Your PR History Is a Training Dataset

I love the idea that a team's code review history is a dataset. Hundreds of PRs, thousands of comments, years of accumulated judgment about what matters and what doesn't. The problem is that all of that knowledge lives scattered across PR comment threads, largely invisible to anyone who wasn't in the conversation.

AI tools can already do code review, but it's generic. It doesn't know what your team cares about. It doesn't know your architecture, your deployment quirks, or the bugs you've already been burned by.

Building a Team-Aware Reviewer

After getting some particularly valuable PR feedback from teammates, I wanted to see if I could capture what our team actually values when reviewing our codebase, not what a generalized model thinks good code looks like.

It started small. I pointed Claude at a few PRs with strong review feedback and asked it to analyze the patterns: what did reviewers care about, and why? From that analysis, it generated a skill that predicts likely reviewer feedback on a diff before submission. I tested it for a week and the results were qualitatively different from generic AI review. Instead of boilerplate suggestions, Claude was catching the same things my teammates would flag: logic in the wrong architectural layer, missing edge cases the team has been burned by before, naming inconsistencies that break established conventions.

It wasn't perfect. But it was useful enough that I started running it on every PR before requesting review.
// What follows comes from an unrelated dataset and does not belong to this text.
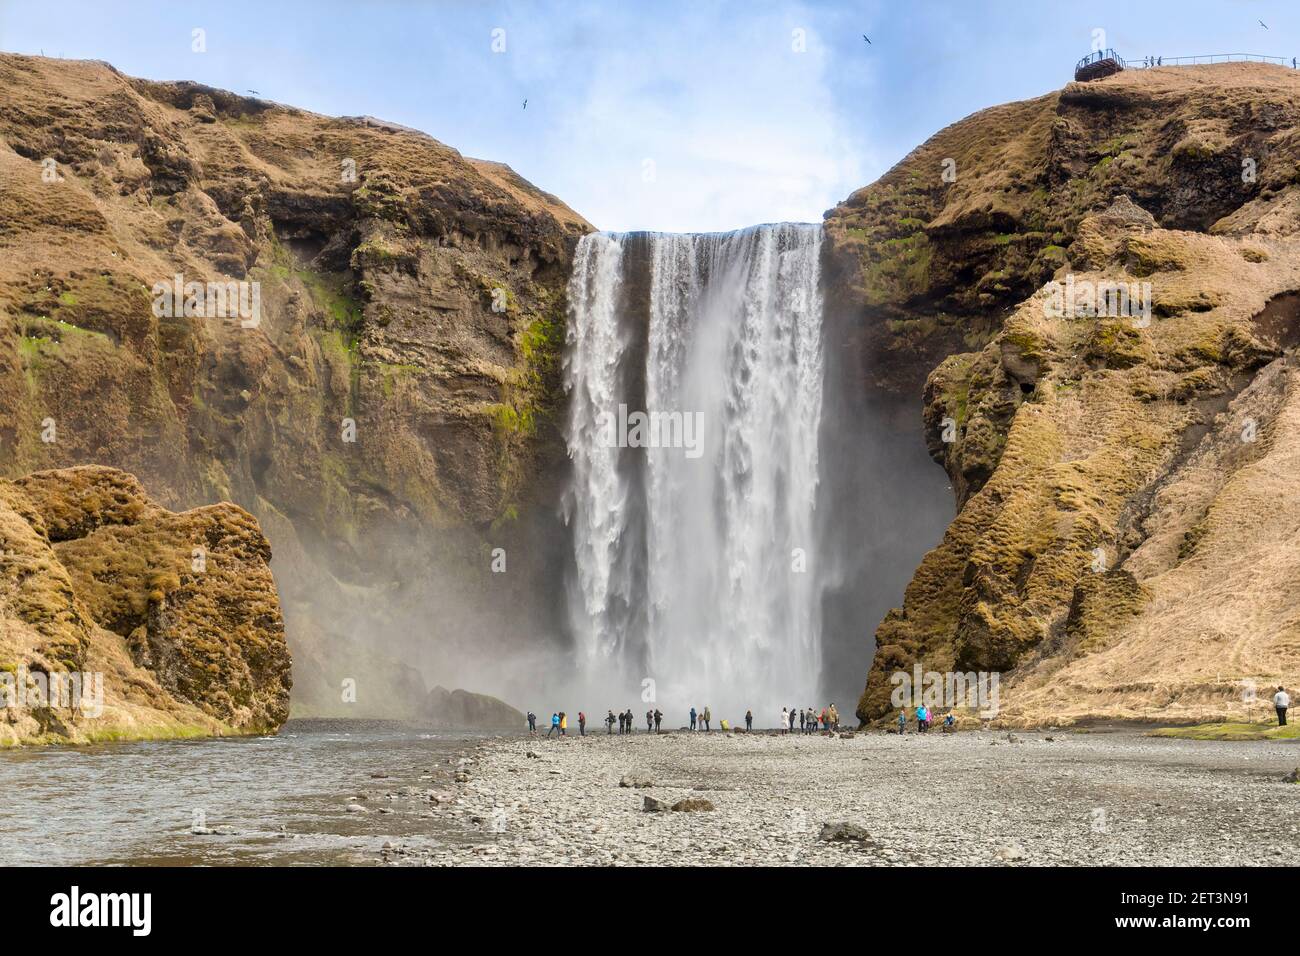 22 avril 2018 : Skogafoss, Islande du Sud. - visiteurs au pied de la cascade de Skogafoss, Islande du Sud. Banque D'Images

From there I widened the scope. Claude analyzed ~500 merged PRs and extracted a prioritized taxonomy of 17 review categories, ranked by how frequently they appear in our team's actual feedback. The ranking reflects what the team actually catches, not what we think we should care about.

Closing the Loop

Static checklists go stale. So I built a second skill that tells Claude how to rebuild the first one. It fetches recent merged PRs, extracts substantive review comments, categorizes them against the existing taxonomy, identifies new patterns, flags stale ones, and proposes updates. The patterns are team knowledge, not individual voices (reviewer attribution is always stripped).

Together, the two skills form a feedback loop: real reviews train the prediction skill, predictions catch issues before review, and periodic refreshes keep patterns current as the codebase evolves.

Replicating This on Any Team

The approach generalizes to any team with a review culture. Point Claude at your team's merged PRs, ask it to analyze the review patterns, and have it generate a prediction skill. Build a refresh skill so the patterns stay current. The skills are just markdown files in your repo, picked up automatically by their AI tool of choice. No infrastructure, no deployment, no maintenance burden.

The raw material is already sitting in your PR history.